Let us start by analyzing System A:
[tex]\[
\begin{array}{c}
5x - y = -11 \quad \text{(1)} \\
3x - 2y = -8 \quad \text{(2)}
\end{array}
\][/tex]
We were instructed to obtain system B by replacing the second equation by adding it to the first equation multiplied by -2. Let's follow these steps:
1. Multiply equation (1) by -2:
[tex]\[
-2 \times (5x - y) = -2 \times (-11)
\][/tex]
[tex]\[
-10x + 2y = 22 \quad \text{(3)}
\][/tex]
2. Add equation (3) to equation (2):
[tex]\[
(3x - 2y) + (-10x + 2y) = -8 + 22
\][/tex]
[tex]\[
3x - 10x = -8 + 22
\][/tex]
[tex]\[
-7x = 14 \quad \text{(4)}
\][/tex]
Thus, System B is:
[tex]\[
\begin{array}{c}
5x - y = -11 \\
-7x = 14
\end{array}
\][/tex]
Now, let's verify if the solution [tex]\((-2, 1)\)[/tex] is valid for both systems.

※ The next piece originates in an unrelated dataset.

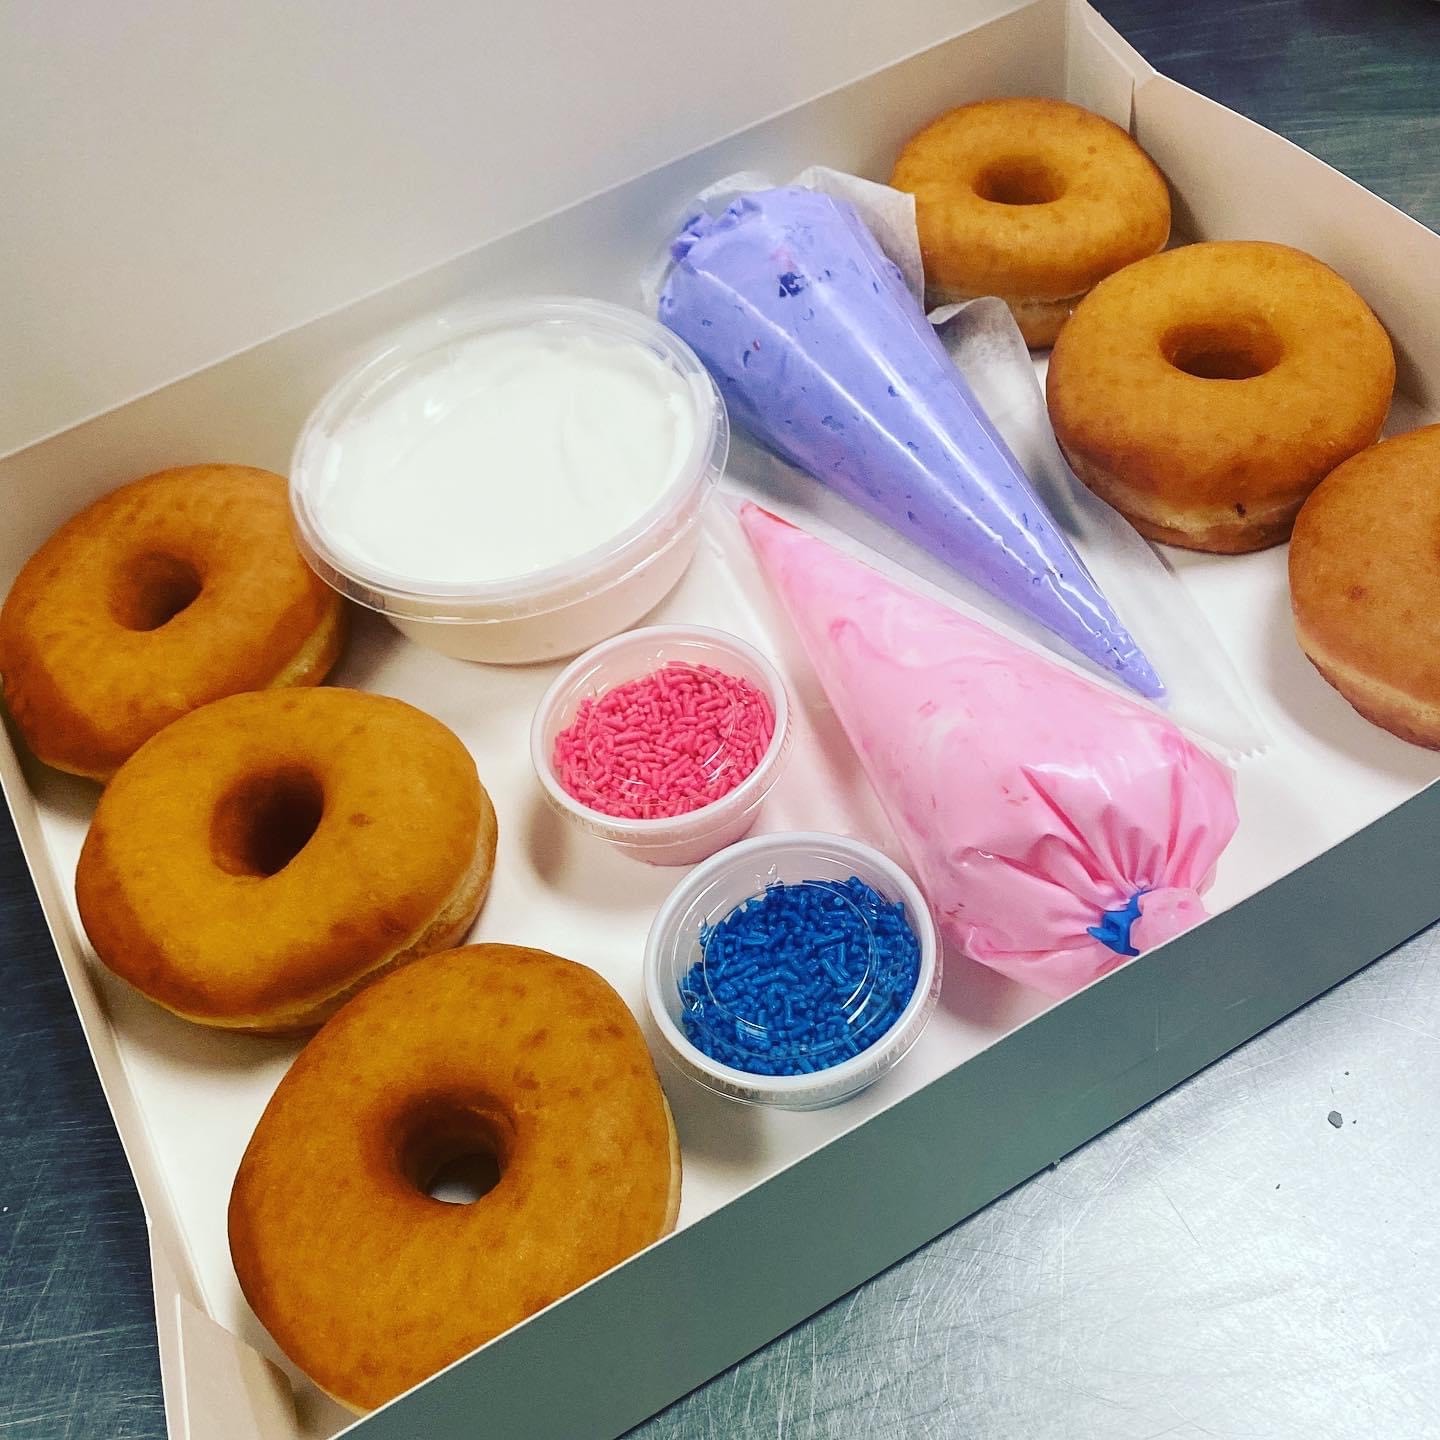 DIY Donut Decorating Kit at Joey Bag A Donuts
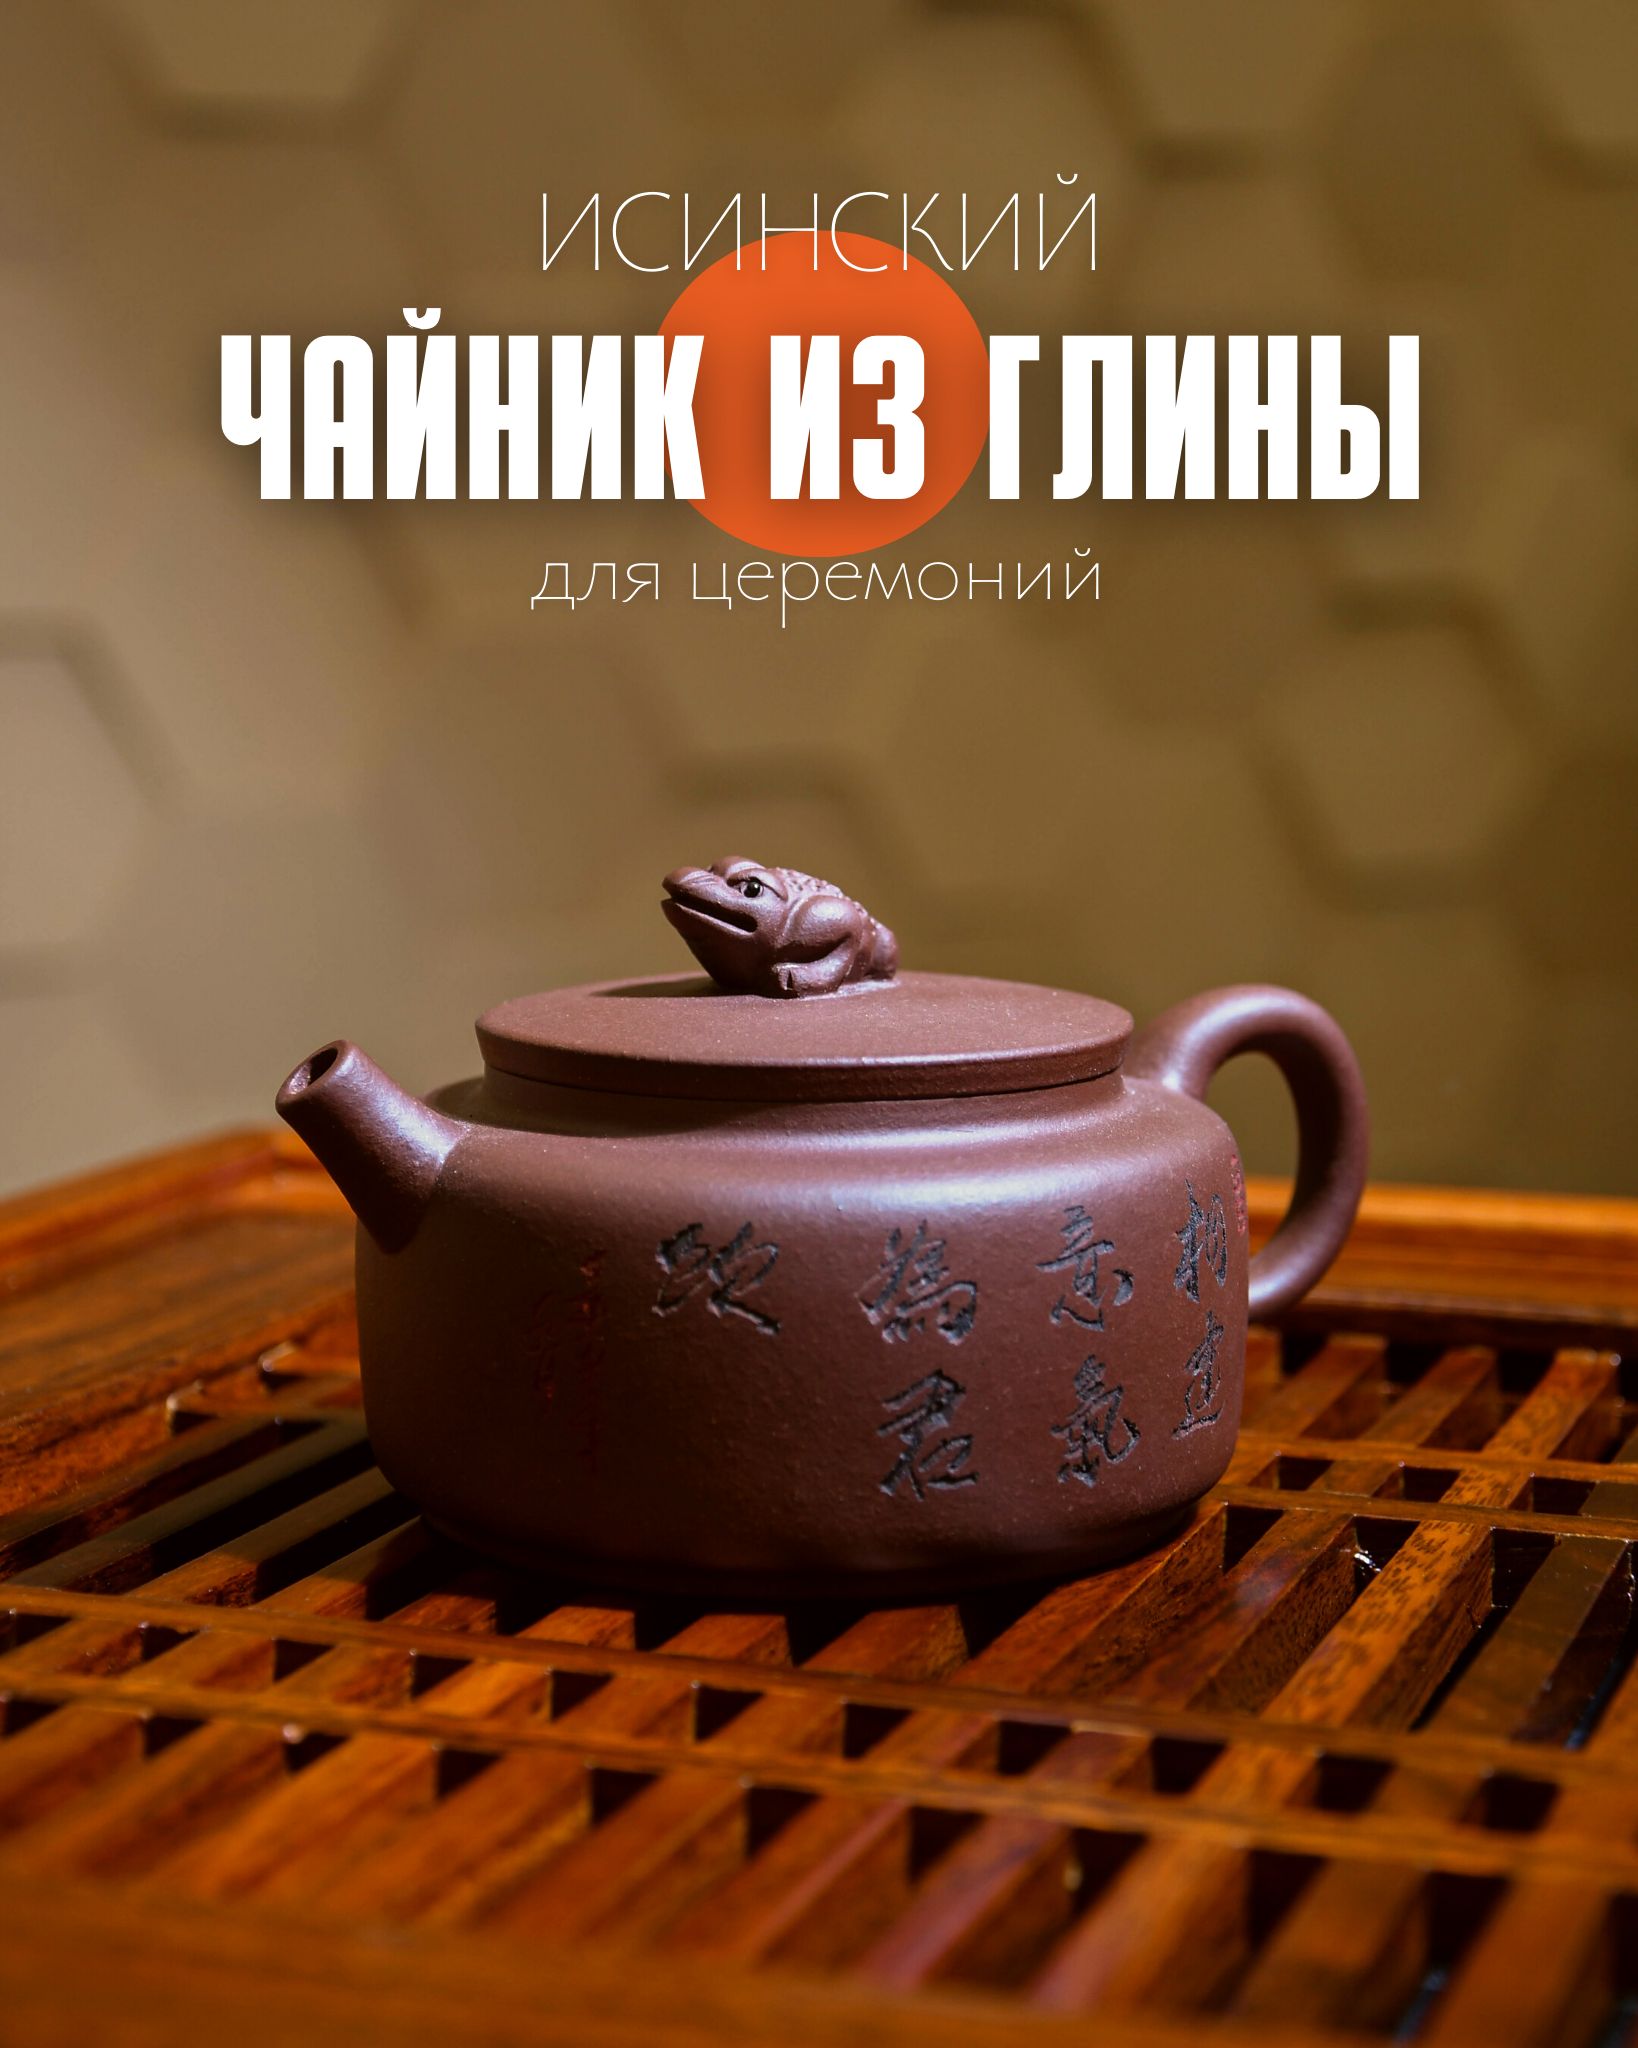 Крышки для чайников в Санкт-Петербурге

For the first equation in System A and System B:
[tex]\[
5(-2) - 1 = -10 - 1 = -11
\][/tex]
The left-hand side equals the right-hand side, so this solution satisfies the first equation.
For the second equation in System A:
[tex]\[
3(-2) - 2(1) = -6 - 2 = -8
\][/tex]
The left-hand side equals the right-hand side, so this solution satisfies the second equation of System A.
For the second equation in System B:
[tex]\[
-7(-2) = 14
\][/tex]
The left-hand side equals the right-hand side, so this solution satisfies the second equation of System B as well.
Hence, the solution [tex]\((-2, 1)\)[/tex] is valid for both Systems A and B. Therefore, the correct answer is:
D. The second equation in system B is [tex]\(-7x = 14\)[/tex]. The solution to system B will be the same as the solution to system A.